The sleeves and exhaust systems require a durability test often combined with vibration systems to test the solidity and durability.

Such sleeves or exhaust systems or mufflers or turbochargers need to be tested by a high-pressure hot air flow that overcomes the exhaust system’s backpressure.

The backpressure can also reach 1 bar for testing sports cars and racing cars. The Rimor then produces hot air generators up to 1000 º C and up to 1 Bar of pressure with compressors for the air that is then conveyed and heated up to reach the operating temperature of the sleeve.

The hot and hot air generator can be configured with multiple outputs in order to deliver hot air to the sleeves at the desired temperature to multiple exhaust systems or to multiple turbo compressors

It simulates exactly a flow from an endothermic engine that flows to the component to be tested with a hot flow.

The system consists of a compressor and a special high pressure burner that allows you to heat the system and allow you to get the real situation of the component that is usually then combined with a vibration simulation system for example with a bench.

Simulators for Lambda probes or EGT probes are hot air generators up to 1000 C which allow to generate flows with different gas compositions in order to test the correct operation of Lambda probes and EGT probes.

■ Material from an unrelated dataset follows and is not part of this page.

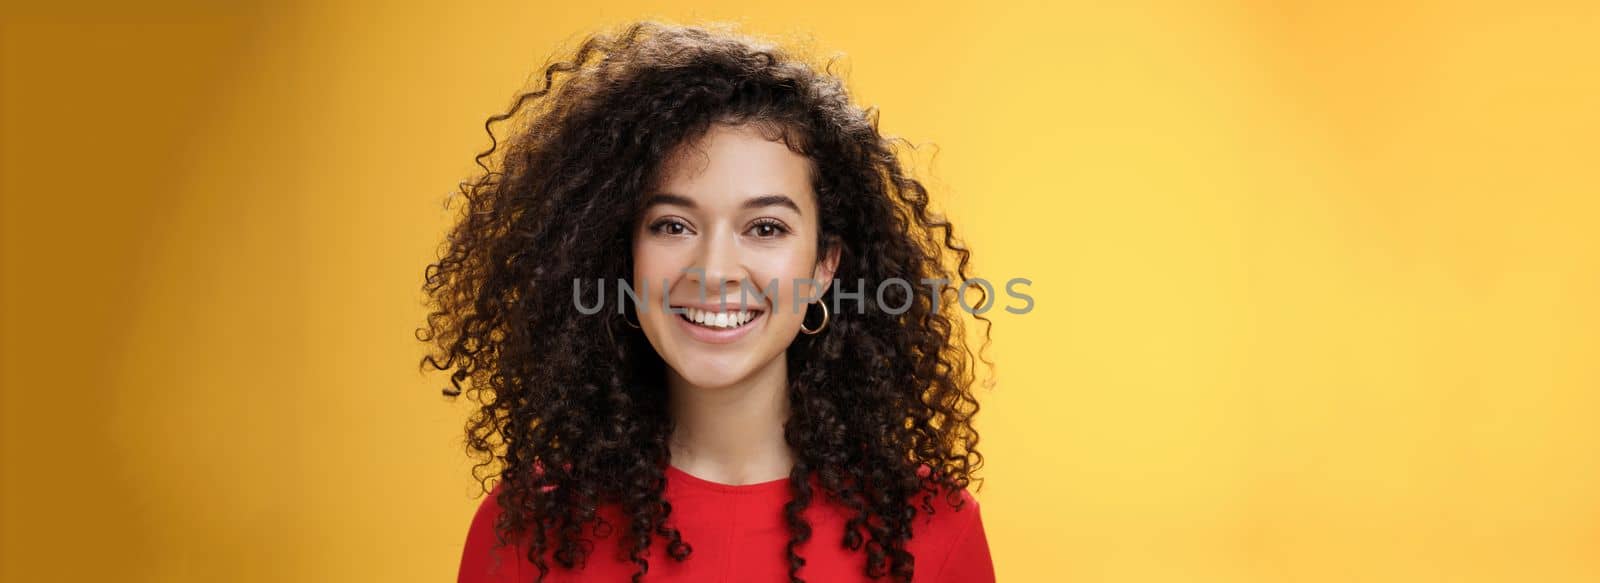 Close-up shot of pretty caucasian girl with curly hair in red dress and earrings smiling joyfully with pleased hopeful expression gazing at camera carefree, posing over yellow background.

The lambda probe monitors the exhaust gas then the gas generator for lambda test varies the composition of the hot gas going then to invest the lambda probe with gas with different composition.

The same concept applies in the testing of EGT probes with therefore the possibility of quickly changing the composition of the gas to test the reaction curve of the EGT probe.

The lambda or EG probes test is used both in the production of probes in the automotive and in the aftermarket where the probes must have the same reaction as the original probes.

In this case, in the aftermarket, first test the original probe then the aftermarket probe and compare the reaction curve.

It is possible to configure the test bench, in the case of a manufacturer-specific product, to the manufacturer’s requirements.

The electronics and the interface to the electromechanical and heating systems allow to obtain a practical and effective test machine.